The default system prompt is in English, but you can customize it if you want by passing the -sys "your_system_prompt"
argument to llama-cli
.
By default, the context size of llama.ccp is 4096, but you can increase it to 40,960. We also recommend to set the temperature to 0.7
and the top_p to 0.95
.
llama-cli --jinja \
-m mistralai/Magistral-Small-2506_gguf/Magistral-Small-2506_Q8_0.gguf \
--ctx-size 40960 \
--temp 0.7 \
--top_p 0.95
# -sys "your_system_prompt" \
Now you can pass to the model the prompt examples or your own prompts !
llama-server
You can also use the llama-server
to run the model as a server. Make sure to add --jinja
to use our tokenizer and increase the context size to 40,960.
We also recommend to set the temperature to 0.7
and the top_p to 0.95
.
llama-server --jinja \
-m mistralai/Magistral-Small-2506_gguf/Magistral-Small-2506_Q8_0.gguf \
--ctx-size 40960
Now you can interact with the model directly where it is served in the browser, via curl or by using the OpenAI client.

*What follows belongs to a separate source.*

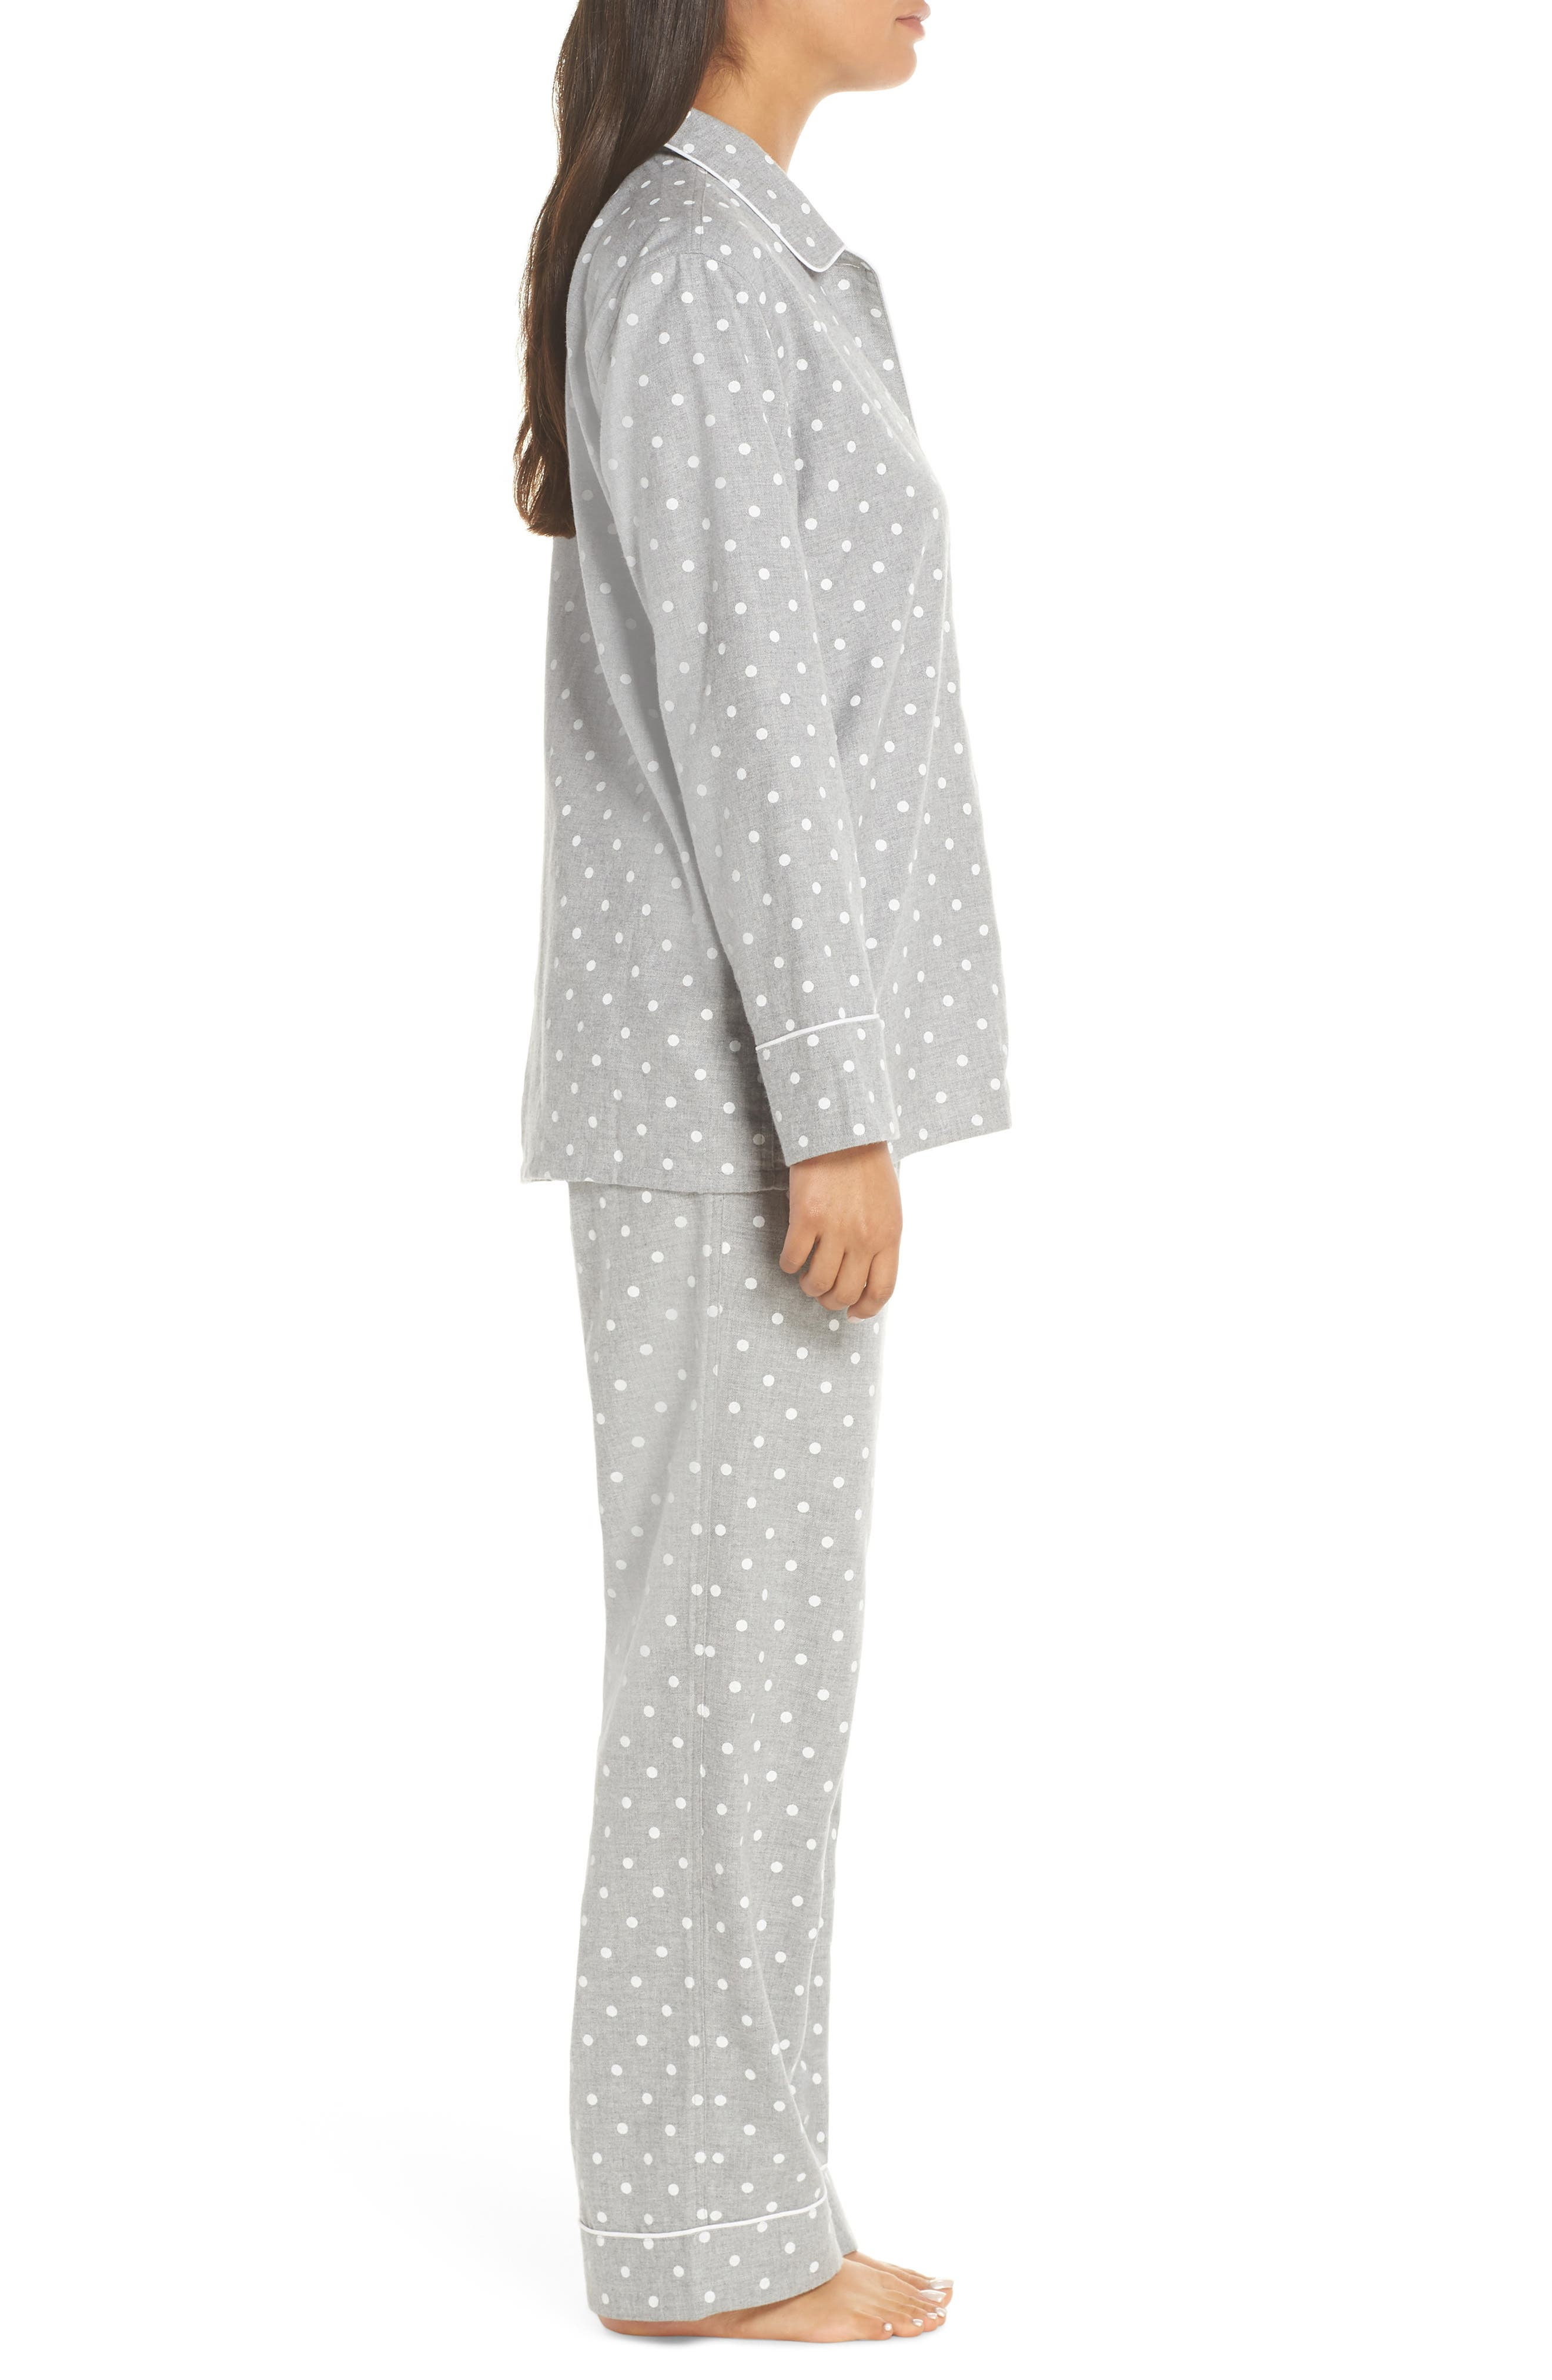 Flannel Pajamas,                             Alternate thumbnail 3, color,                             023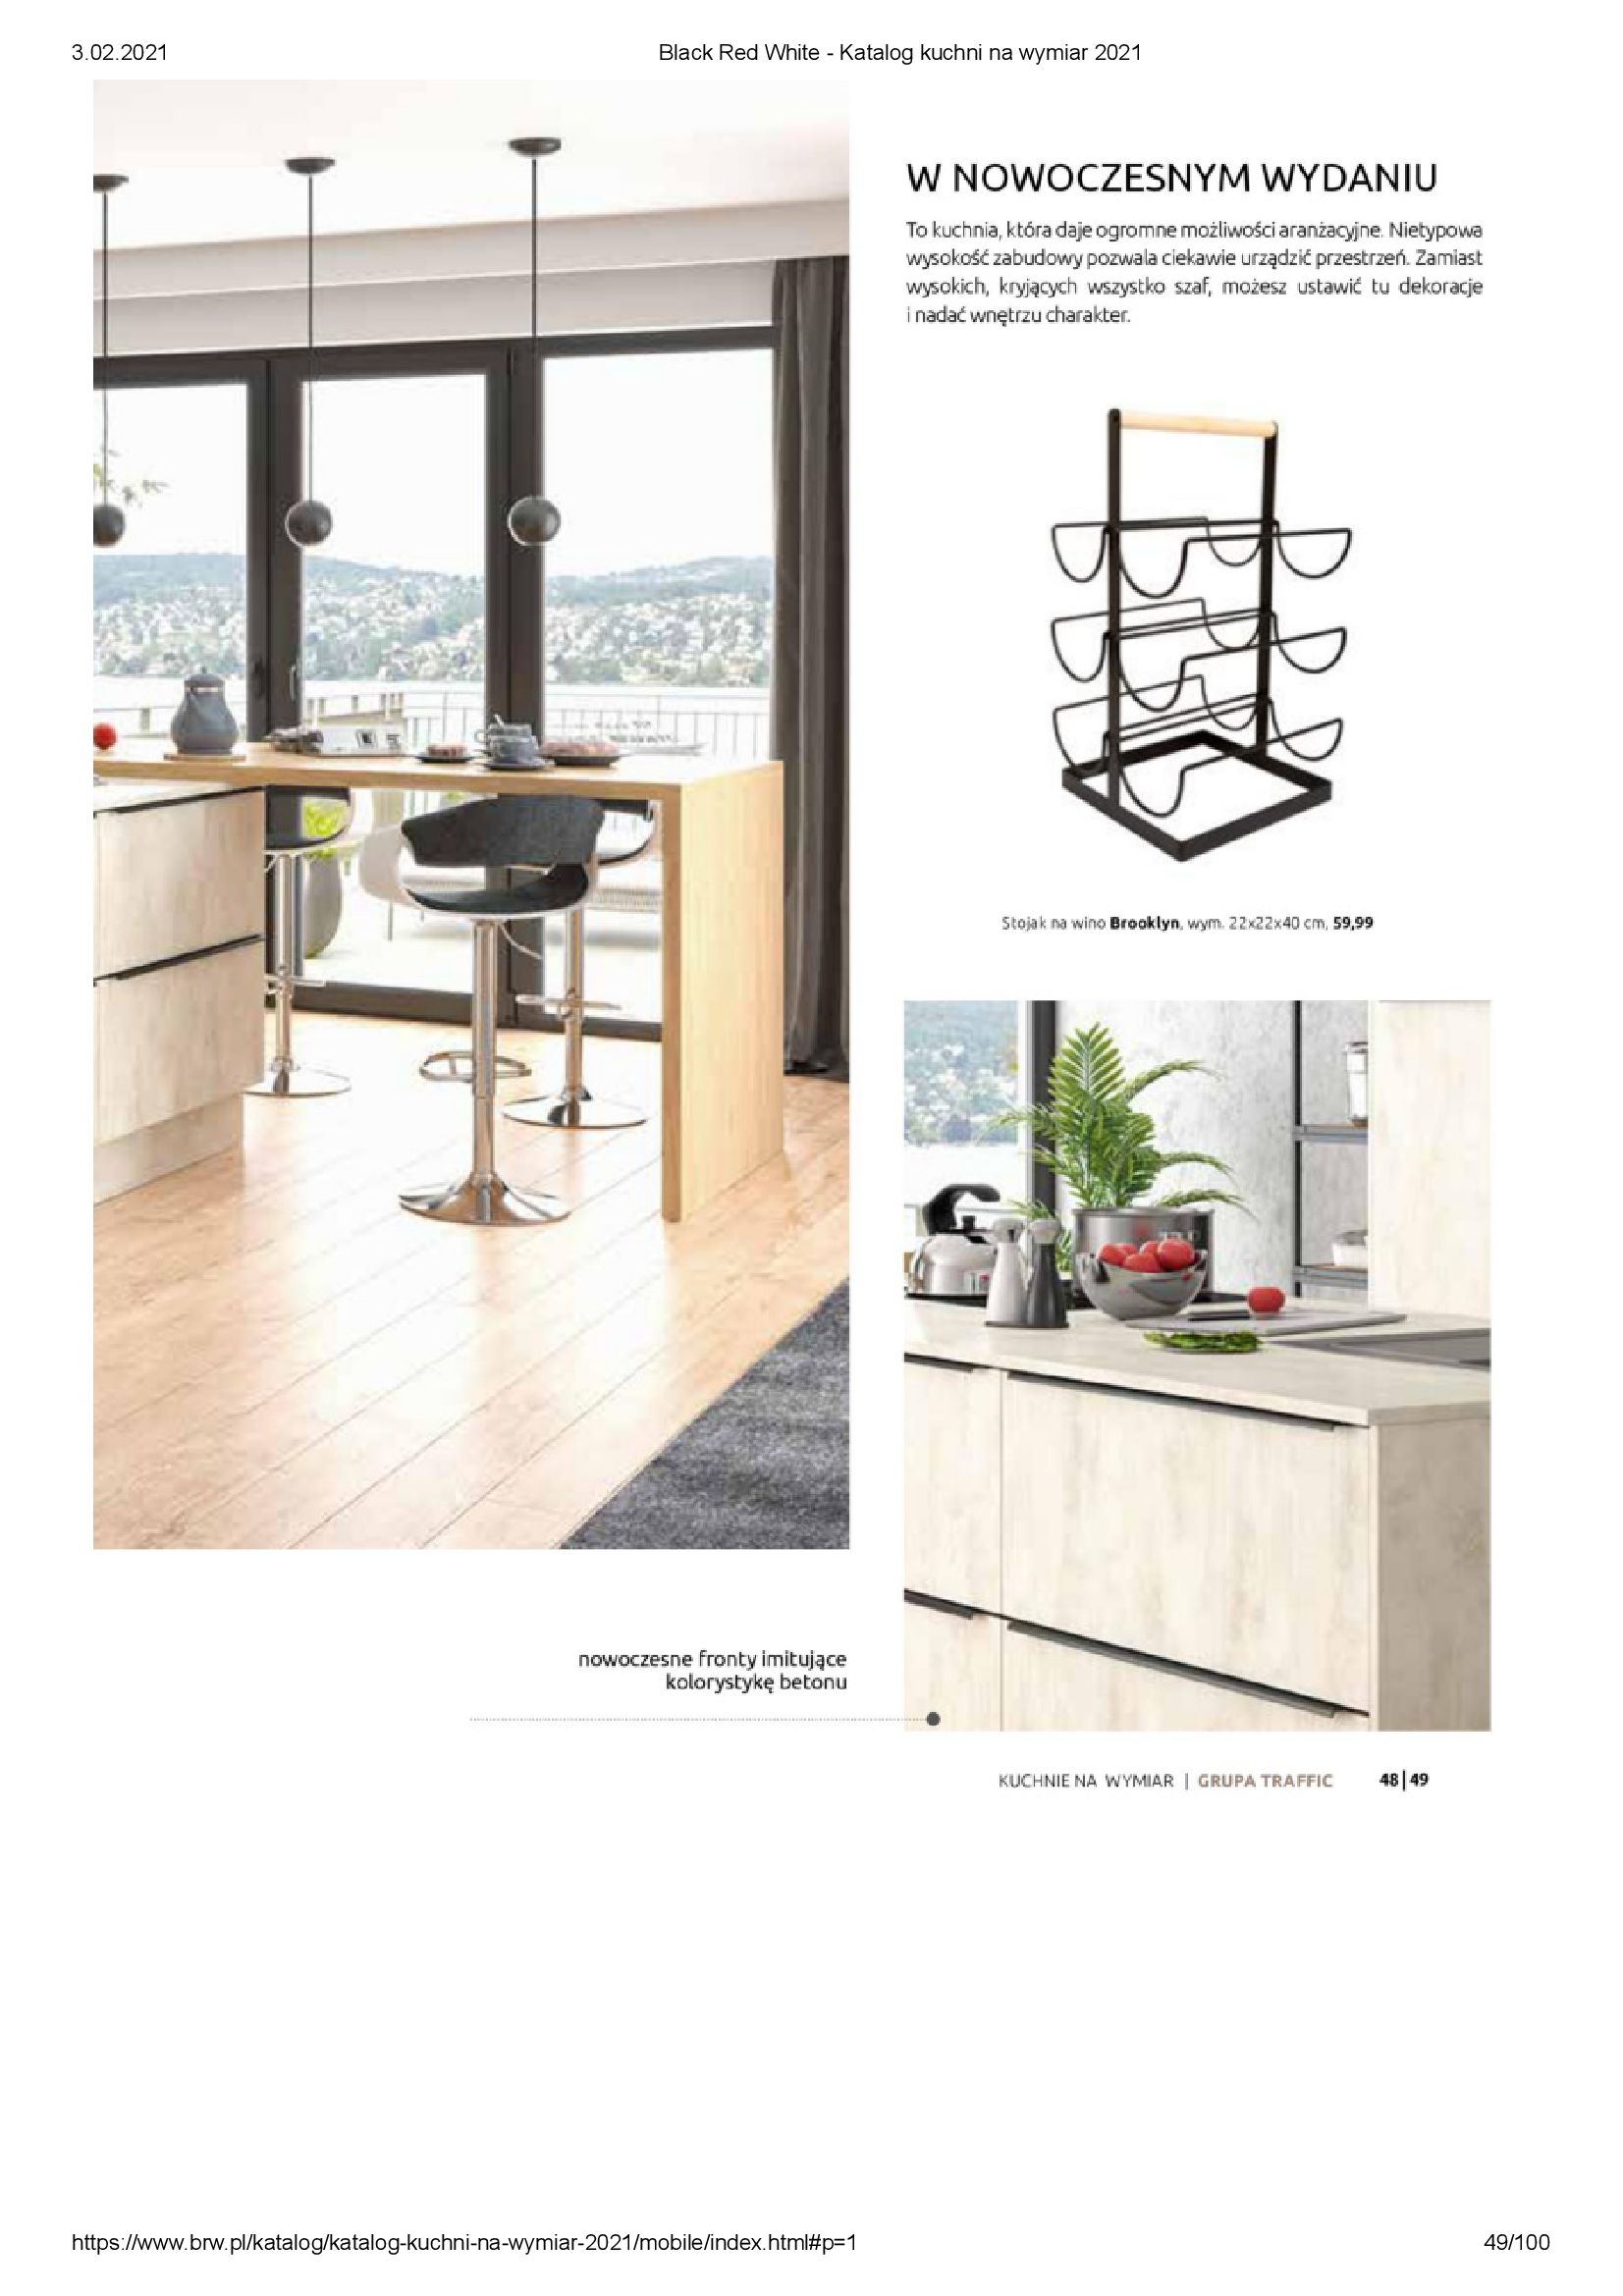 Gazetka Black Red White: Katalog - Kuchnie na wymiar Senso Kitchens 2021 2021-01-01 page-49

from huggingface_hub import hf_hub_download
import openai
client = openai.OpenAI(
base_url="http://<your-url>:8080/v1",
api_key="not-needed",
)
def load_system_prompt(repo_id: str, filename: str) -> str:
file_path = hf_hub_download(repo_id=repo_id, filename=filename)
with open(file_path, "r") as file:
system_prompt = file.read()
return system_prompt
SYSTEM_PROMPT = load_system_prompt("mistralai/Magistral-Small-2506_gguf", "SYSTEM_PROMPT.txt")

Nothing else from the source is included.